Вы дома одна? То же самое спросил он тогда на даче у Полины... спросил, чтобы вернуться...
– Чалов! – крикнула Катя. – Чалов, не надо!
Где-то далеко, далеко...
Не здесь...
Не сейчас...
Среди сухой травы...
В дорожной пыли...
В пересохшем колодце...
Лишь эхо...
Лишь эхо и тени...
И прах...
– И ты здесь... Вообще-то можно было бы догадаться, принимая во внимание, что ты всегда...
Он обращался к ней на «ты», и в его левой руке уже был пистолет – небольшой, не табельный. Не служебный.
– Отличалась редкой сообразительностью, – внезапно он с силой ударил судью Дынник ногой, так что она, дико вскрикнув, упала прямо на Катю, сбив ее с ног.
– Сообразительностью и умом... и помогала мне, ты слышишь, ты очень помогла мне. Ну зачем ты приперлась сейчас сюда?! – Он возвышался над ними, распростертыми на полу, – двумя женщинами, только что по-настоящему почувствовавшими на себе, что такое сила, и ярость, и тот самый пресловутый фактор неожиданности, который всегда берет верх в критической ситуации, несмотря на все... – Он же мне сто тысяч раз рассказывал об этом деле... мой дядя Ростик... знаменитый адвокат... хвалился, как надо вести дела, как зарабатывать деньги... Сто тысяч раз твердил мне об этом, упрекая, что я ни на что подобное не способен, что у меня не хватит ума и решительности, что я всегда буду чахнуть над гребаными протоколами и тянуть лямку до нищенской пенсии...
Его голос звенел, в нем нарастала истерика...

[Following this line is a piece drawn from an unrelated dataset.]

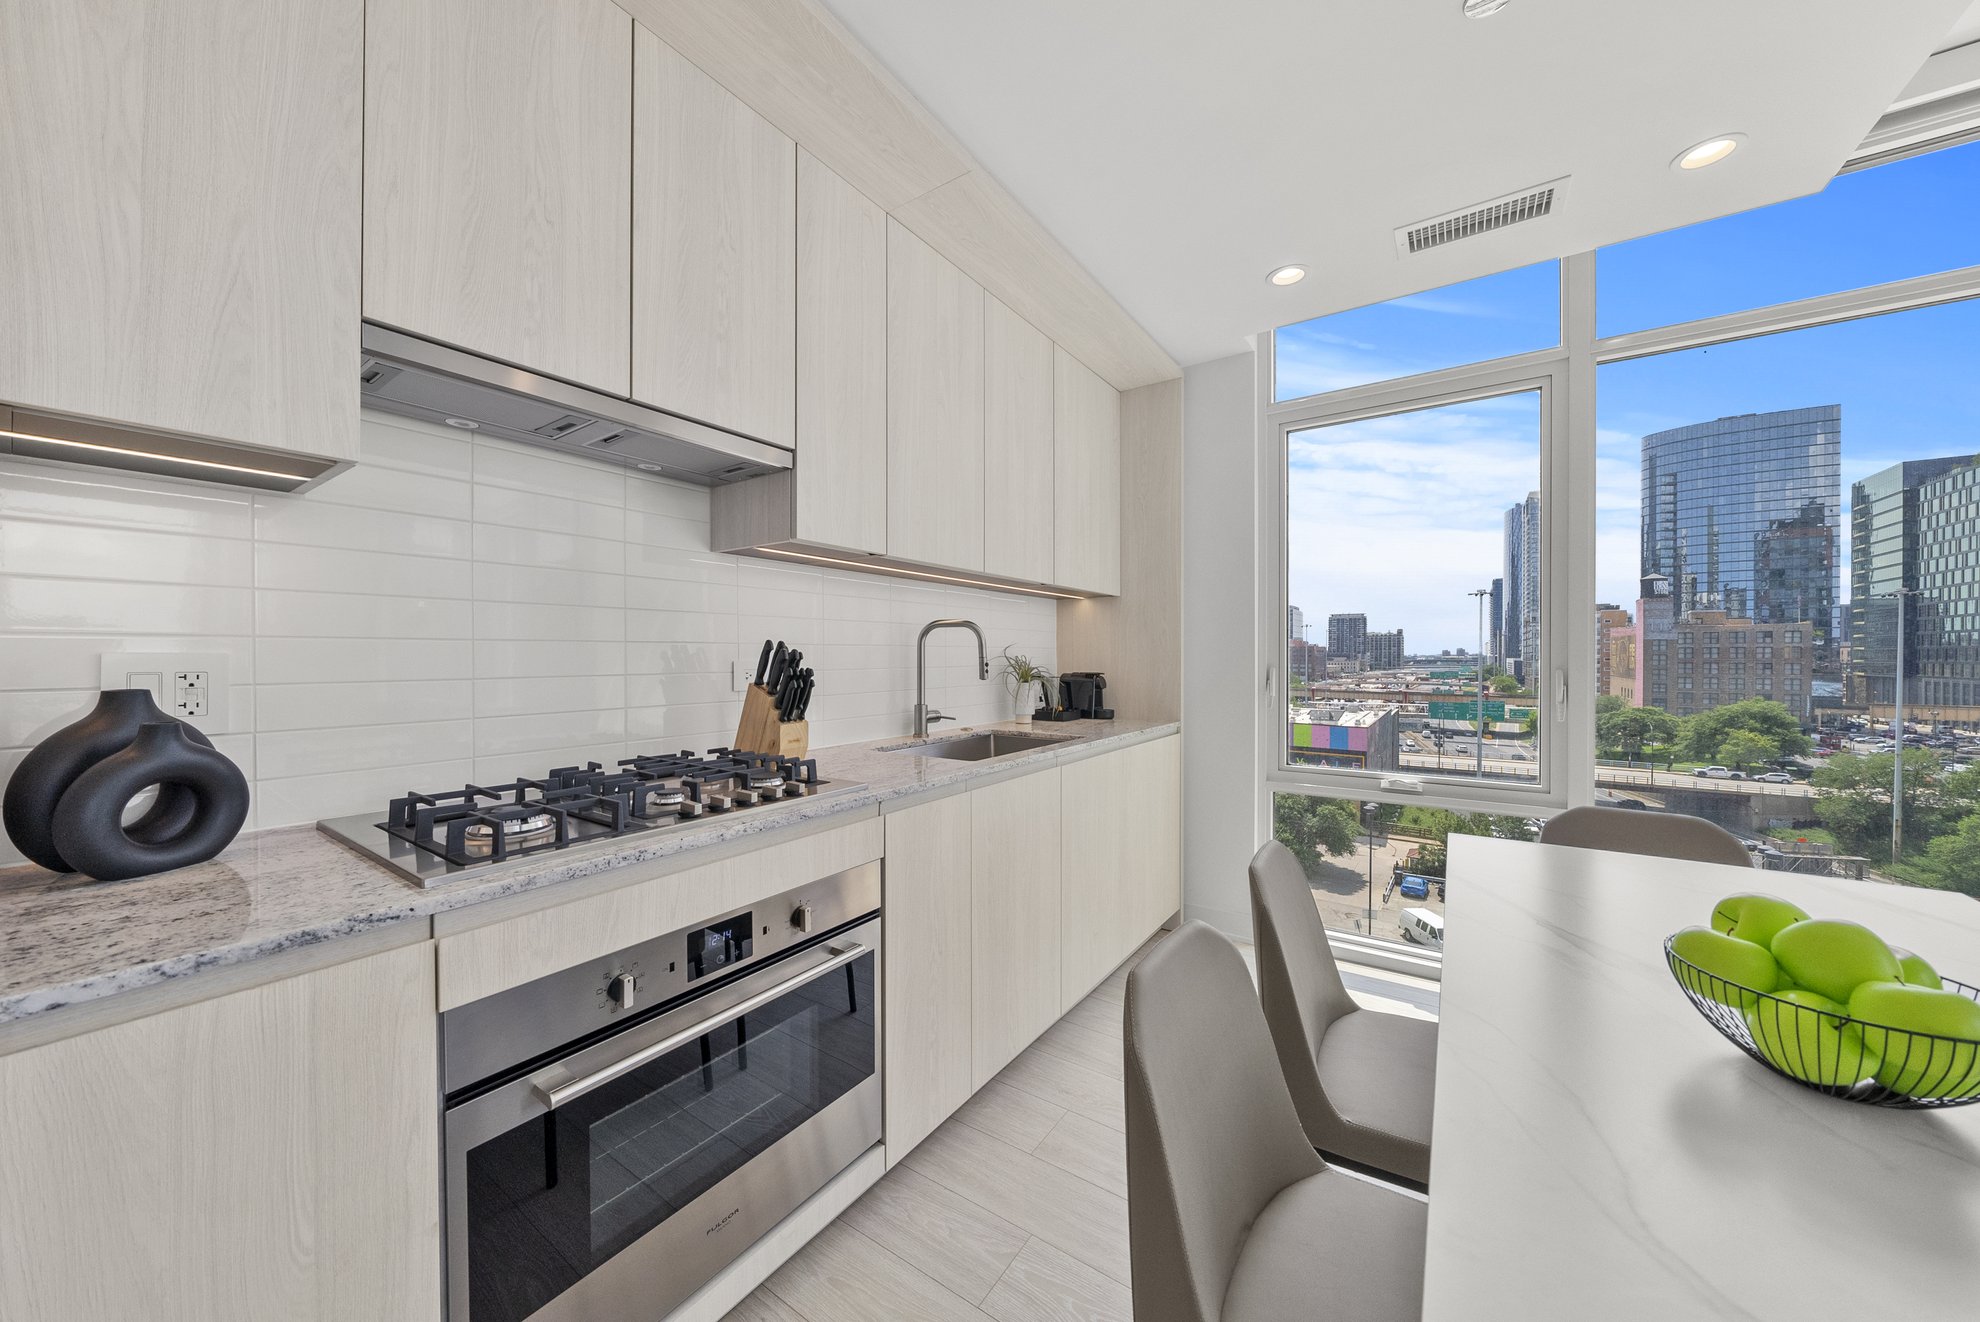 kitchen area at level fulton market looking to beautiful chicago view from three bedroom suite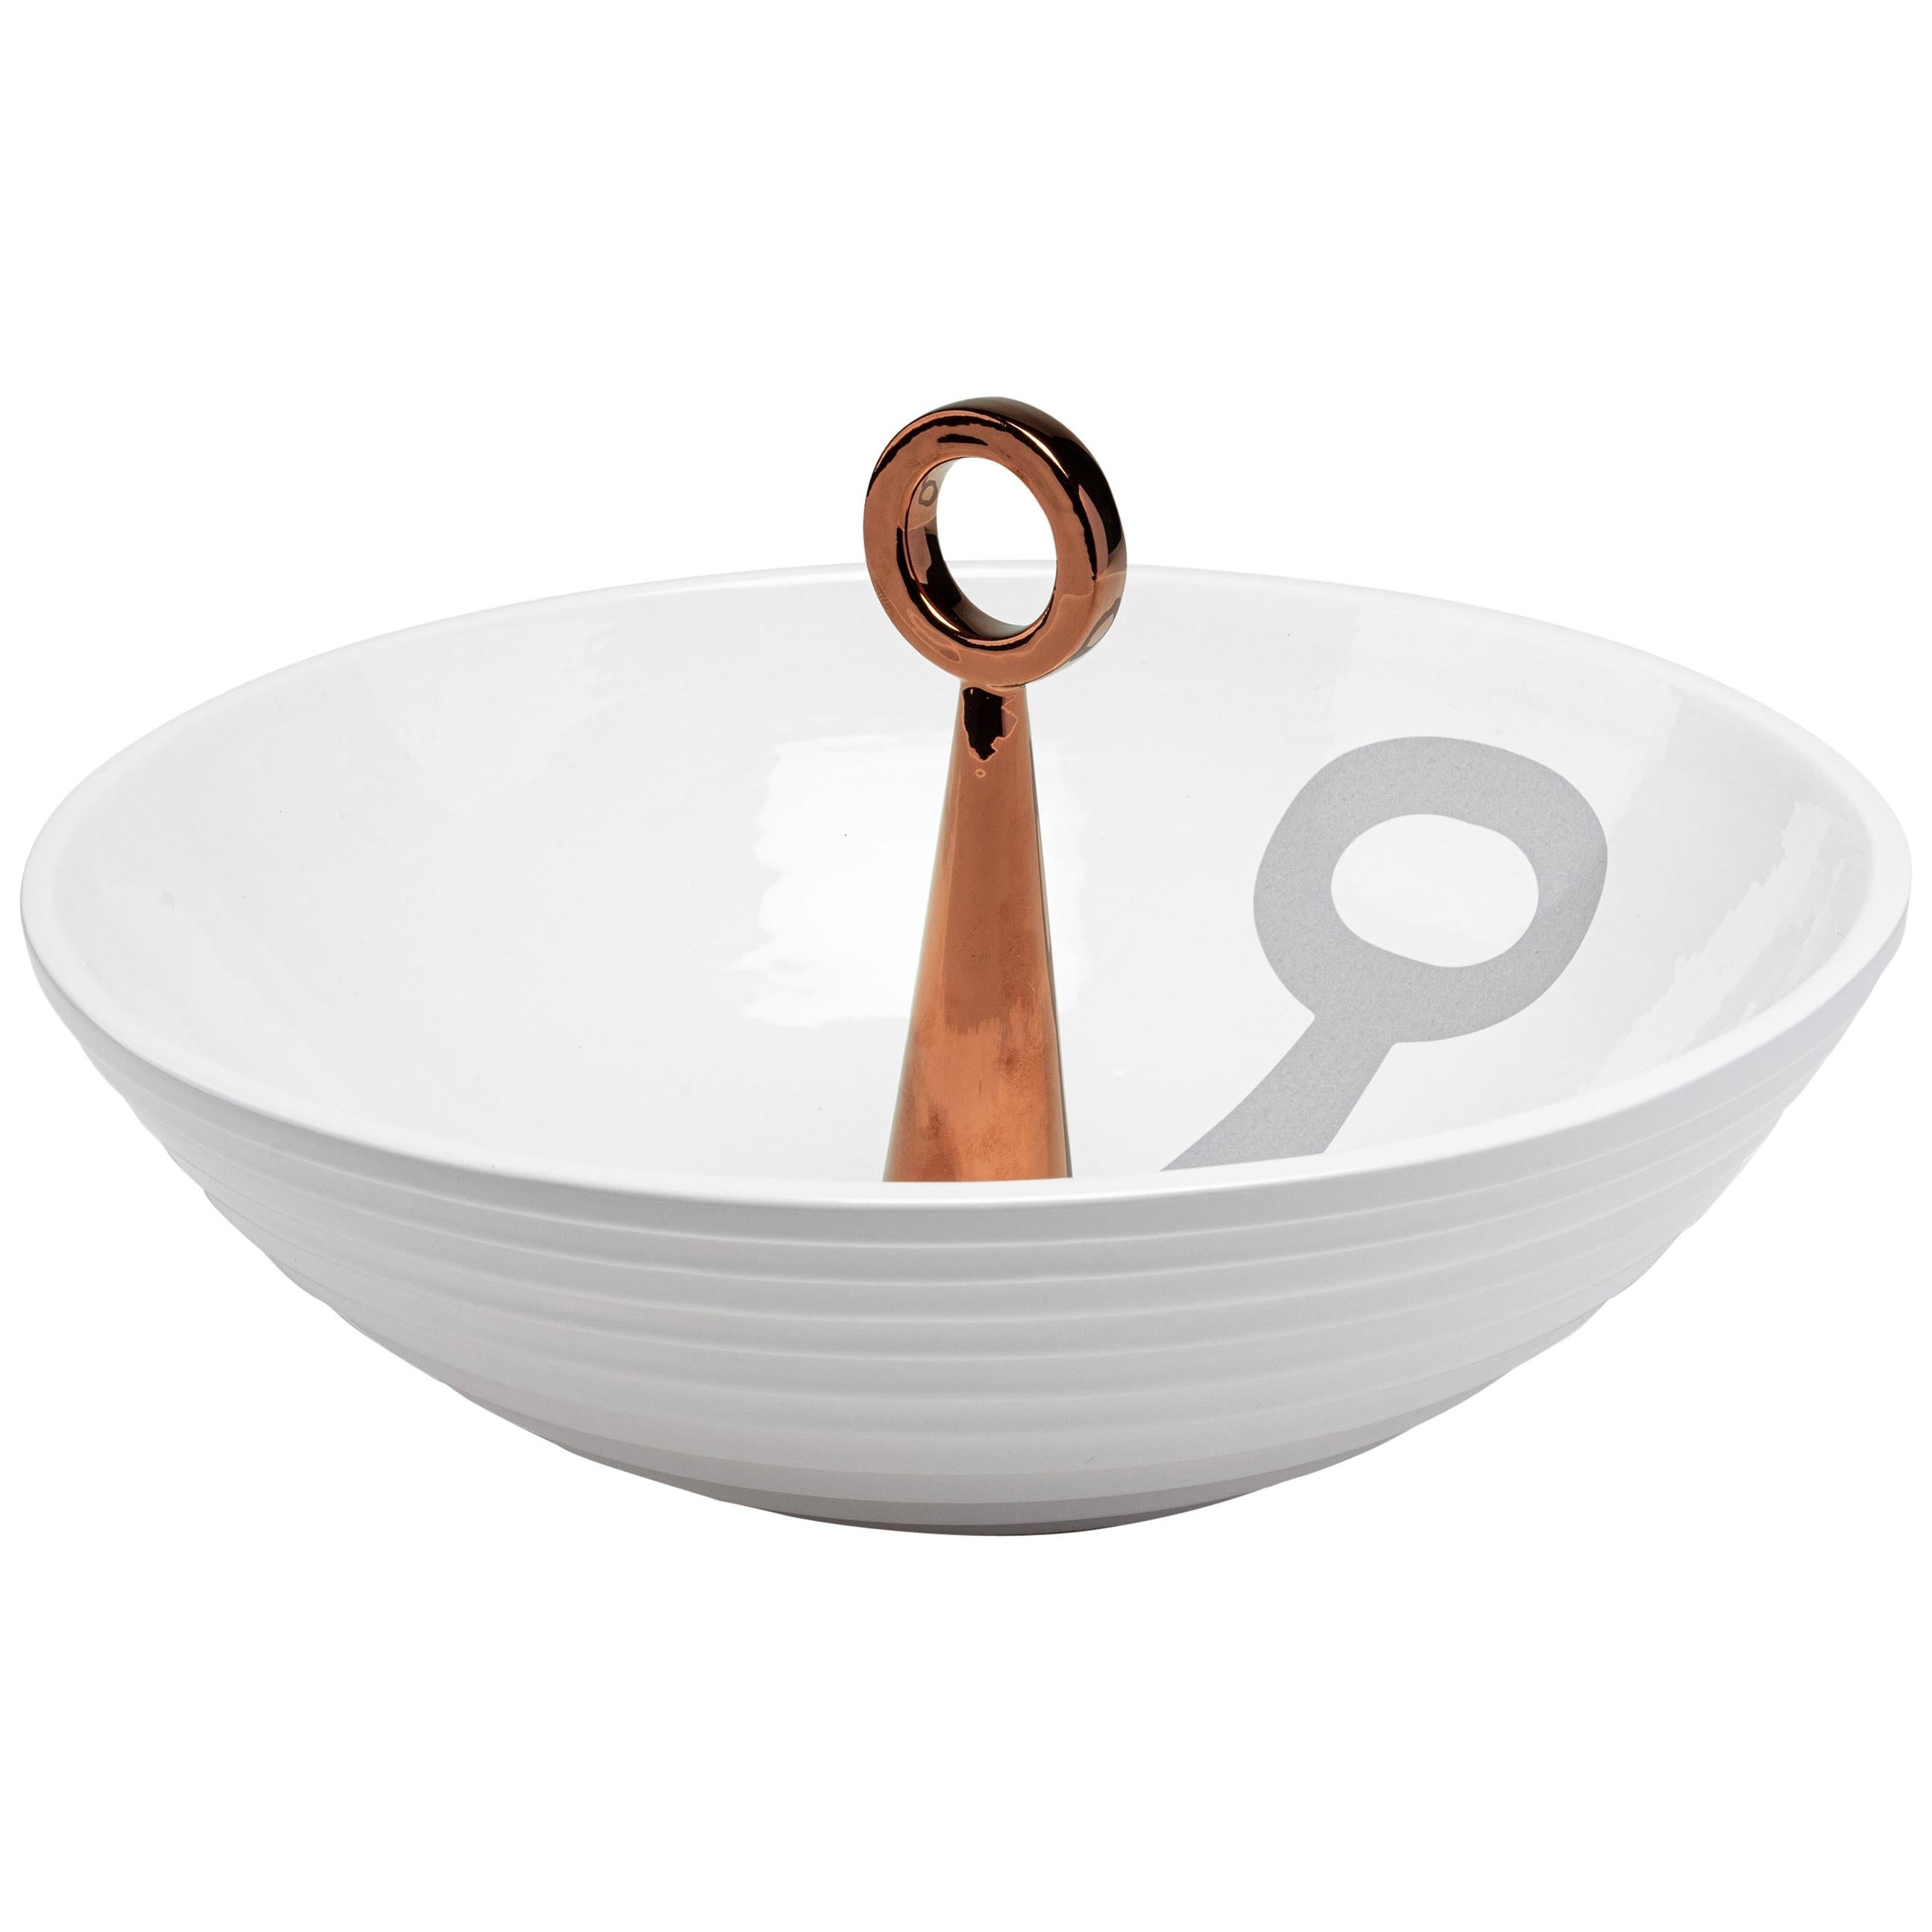 12:30_ White Ceramic and Copper Details Handcrafted Bowl

– Сотни сидят по своим кабинетам, по норам и только ждут, когда один-единственный раз в жизни им попадется дело, настоящее дело, по которому можно будет столько взять... такие деньги, и потом жить как и где хочется и оставить еще детям своим, внукам своим... А в этом деле не надо было ничего брать, никаких космических взяток... только пораскинуть мозгами и кое-что подправить... Кого ты пожалела, дура? Эту суку из суда? Она же за деньги тогда продалась, за квартиру, они же все тогда продались... Кого ты пожалела? Я лишь воздал им всем по заслугам, и все то, что мой дядя получил таким вот способом... таким вот противозаконным закулисным способом, должно перейти ко мне. По наследству! Гаврилов, ублюдок, вышел из игры в самом ее начале... Но мой дядя заплатил мне сполна за все свои нравоучения... И «Бентли» его теперь мой – по закону, и счета в банке, и все остальное... И я вас сейчас здесь пристрелю и буду жить долго и не испытывать никаких угрызений совести. Слышишь, ты?!
Прогремел выстрел...
В квартире прогремел выстрел, и Катя... она вся сжалась в комок, гадая – куда, в какую часть тела попадет пуля, кому она достанется – ей или судье – и как обожжет, вспыхнет горячим пламенем боль...
Еще один выстрел... И еще...
Стон...
Стук предмета, упавшего на пол...
«Господи, святый боже... спаси...» – судья Дынник всхлипывала, трясясь, все еще придавливая всем своим весом Катю.
– Вы ранены?
– Он – р-ранен.
Катя осторожно приподнялась, как пехотинец, приникший к земле, выглядывает из окопа. В дверном проеме кухни с пистолетом в руках – лейтенант Женя Самойлов.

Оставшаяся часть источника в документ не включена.